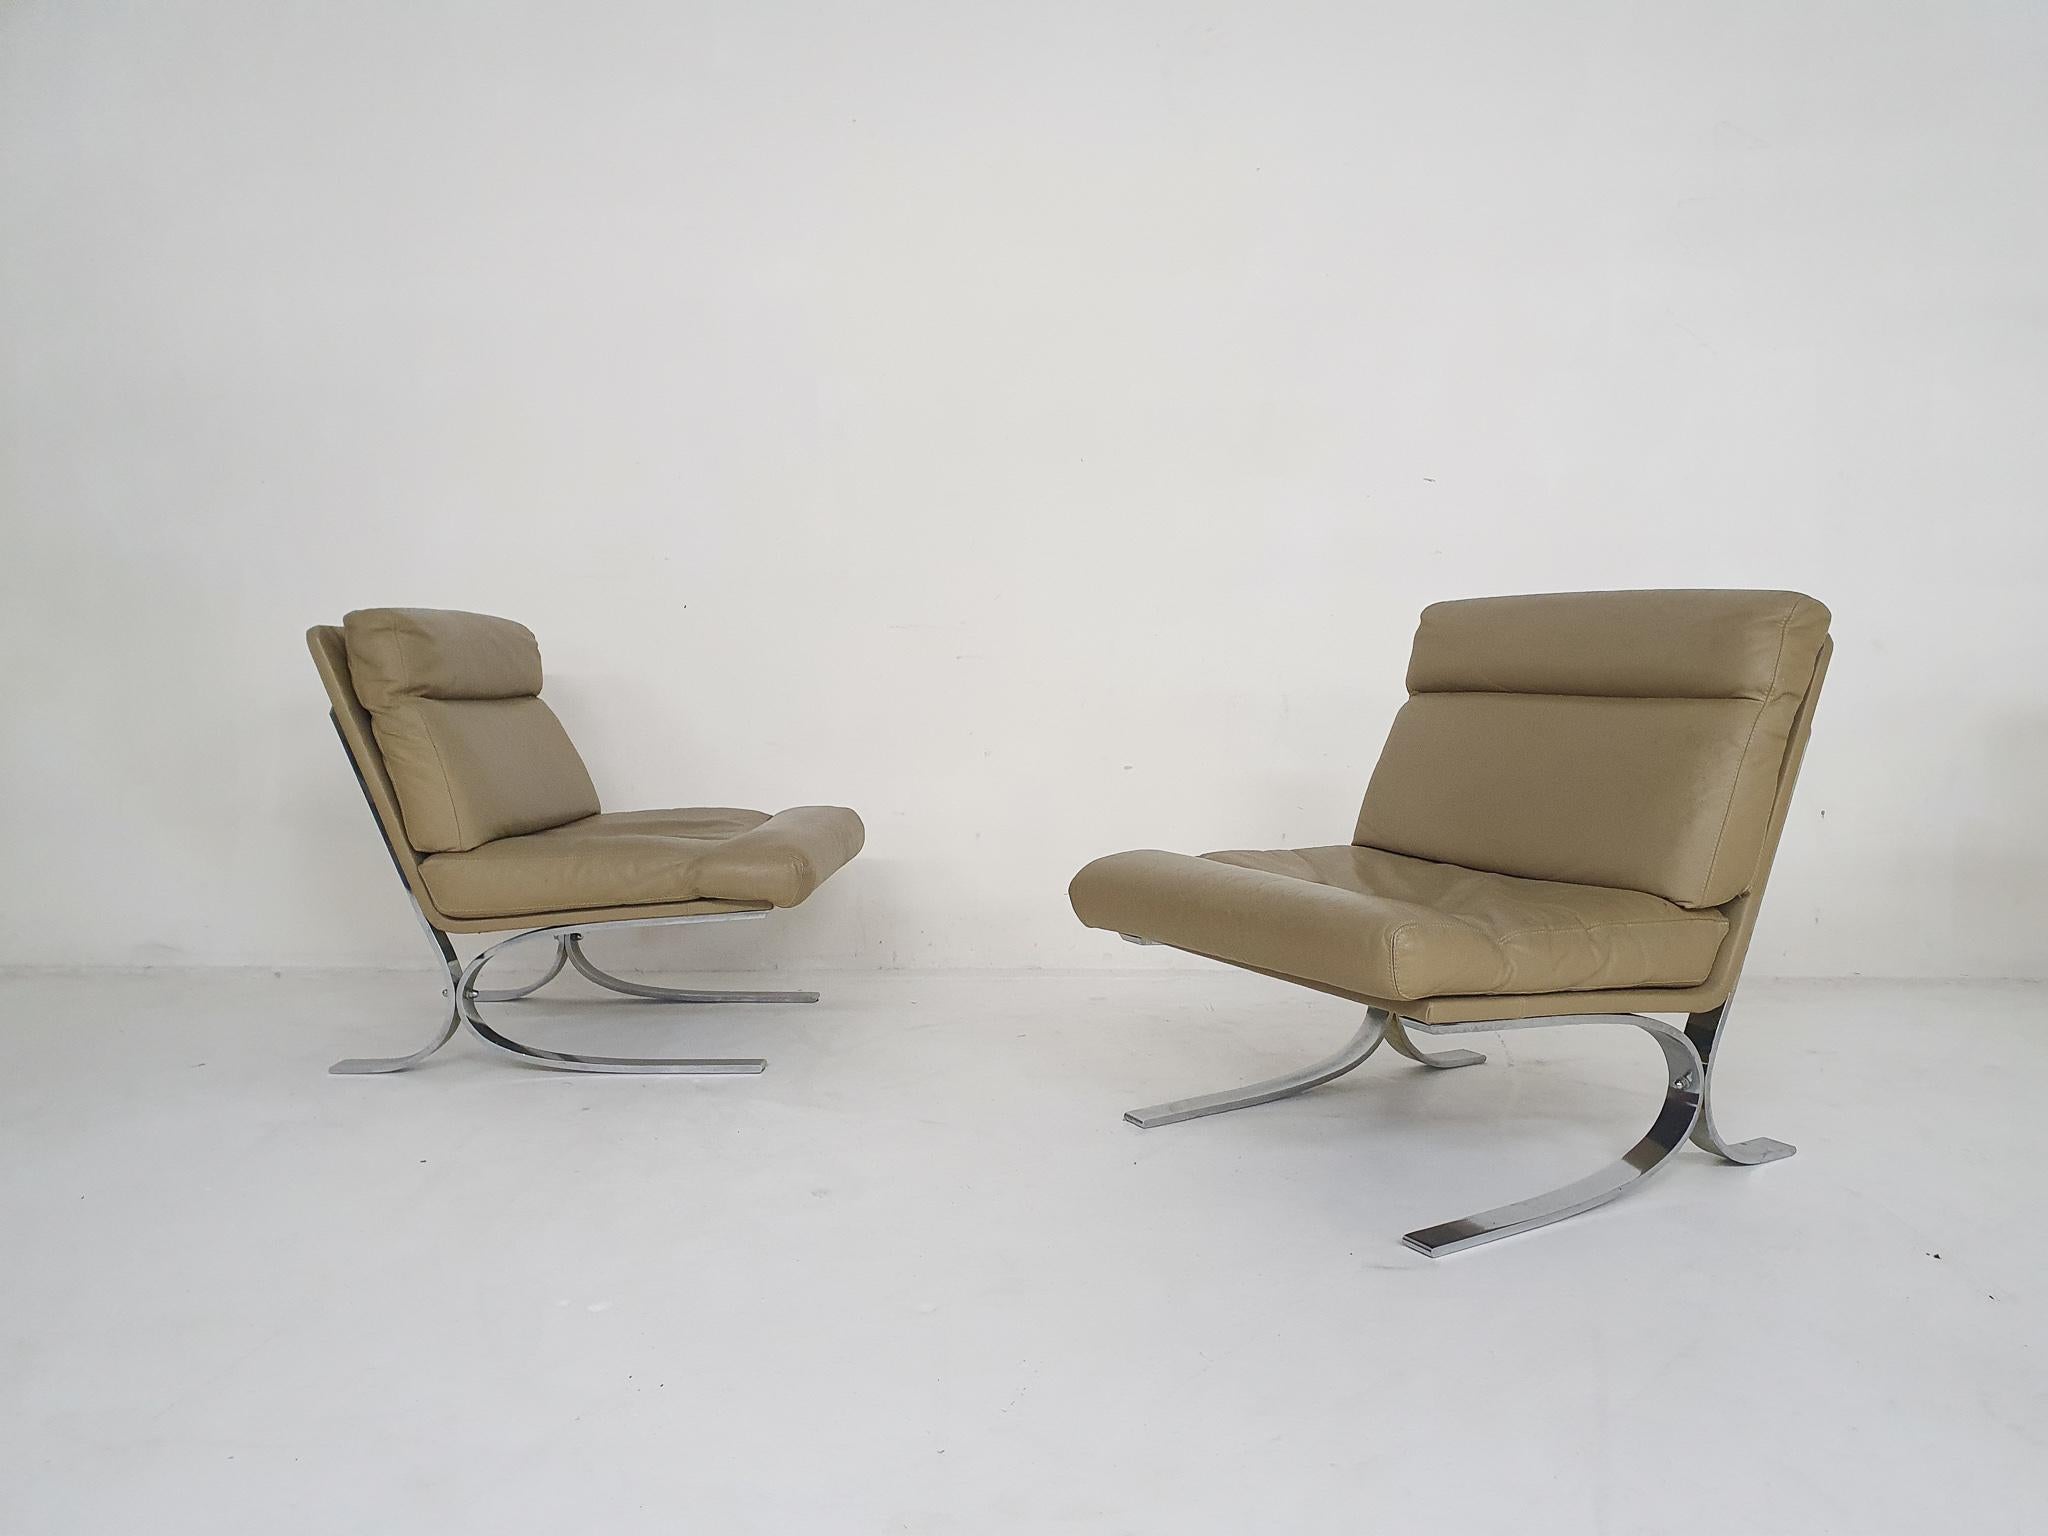 Set of two high quality chromed metal lounge chairs with an off-white or beige leather upholstery.

We think they are designed by Paul Tuttle for Strässle, Switzerland. They chairs are very similar in design to his 
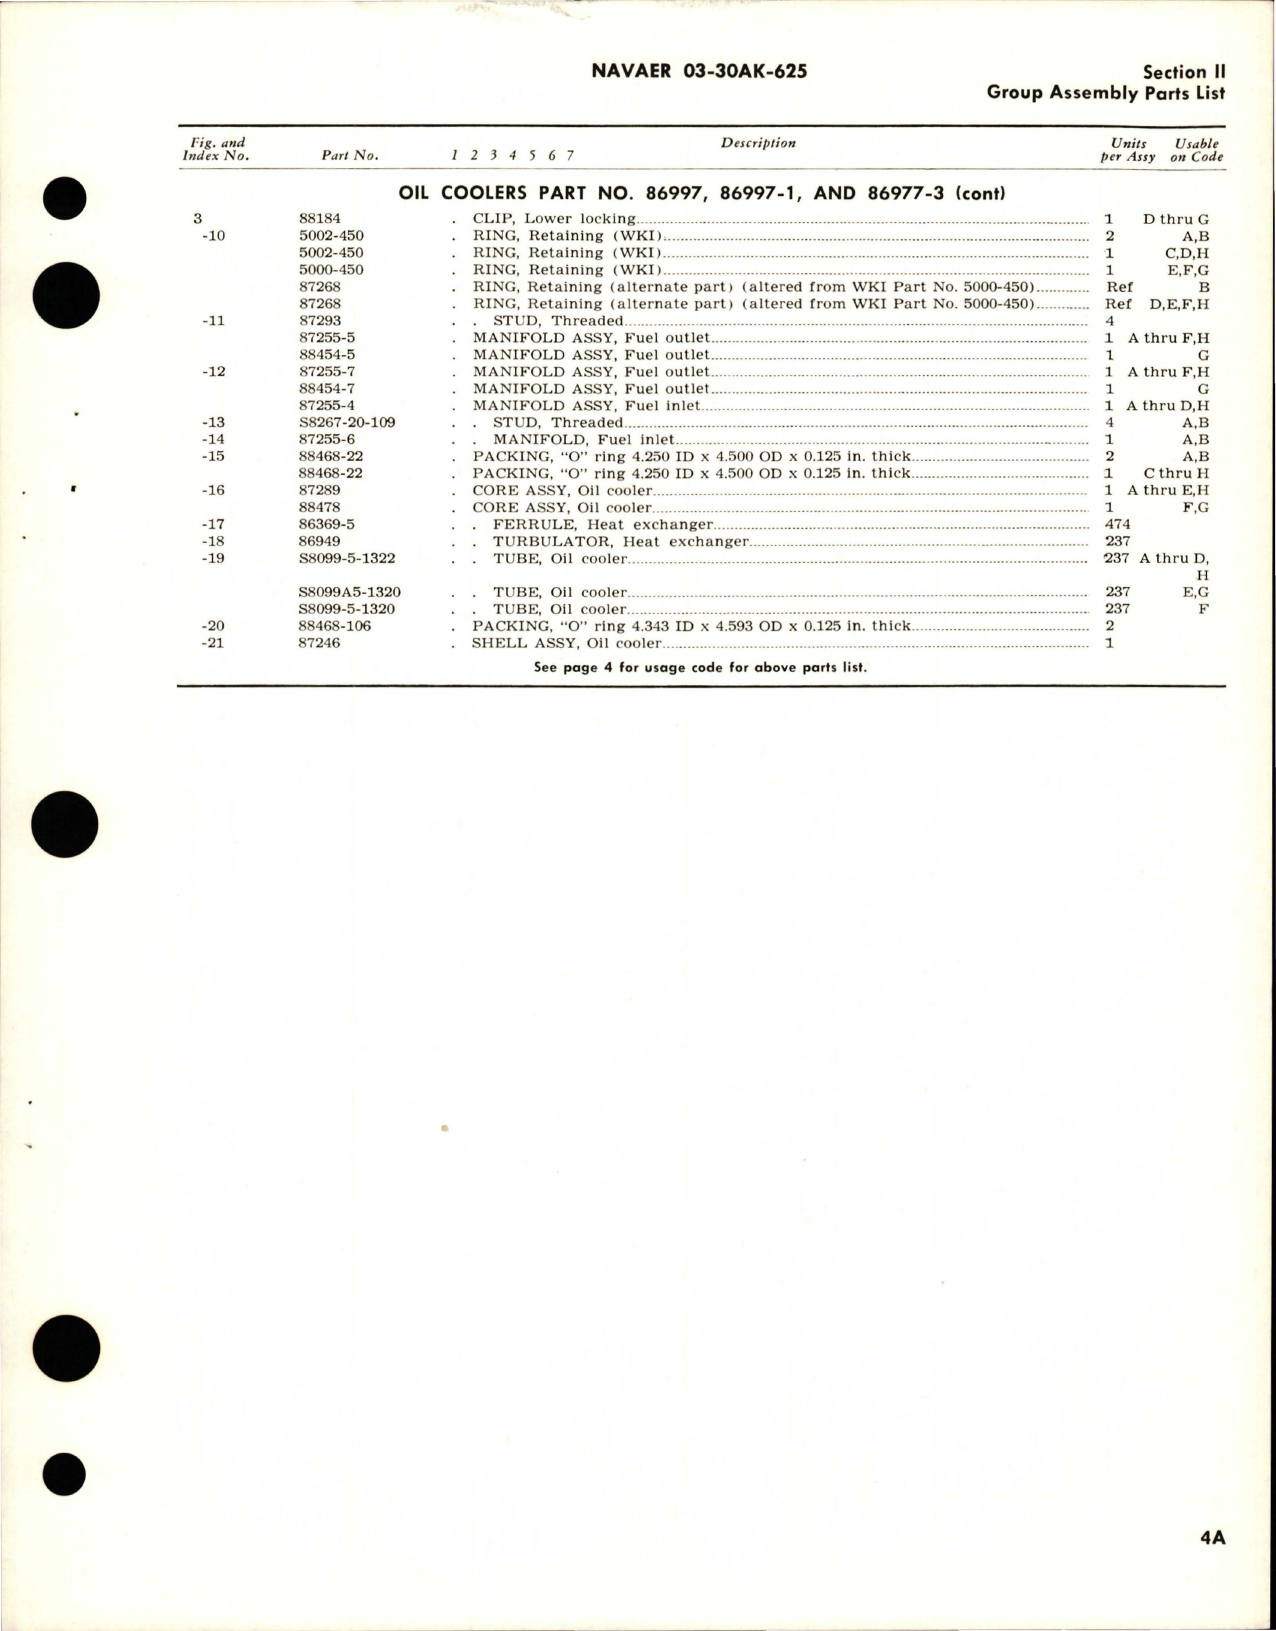 Sample page 7 from AirCorps Library document: Illustrated Parts Breakdown for Oil Coolers, Heat Exchanger and Fuel Heater - Parts 86787 and 87889

=====

● Task prompt
All of the data is to be transcribed exactly, with images omitted.

● Solved exercise
 Set of two high quality chromed metal lounge chairs with an off-white or beige leather upholstery.

We think they are designed by Paul Tuttle for Strässle, Switzerland. They chairs are very similar in design to his 
 Sample page 7 from AirCorps Library document: Illustrated Parts Breakdown for Oil Coolers, Heat Exchanger and Fuel Heater - Parts 86787 and 87889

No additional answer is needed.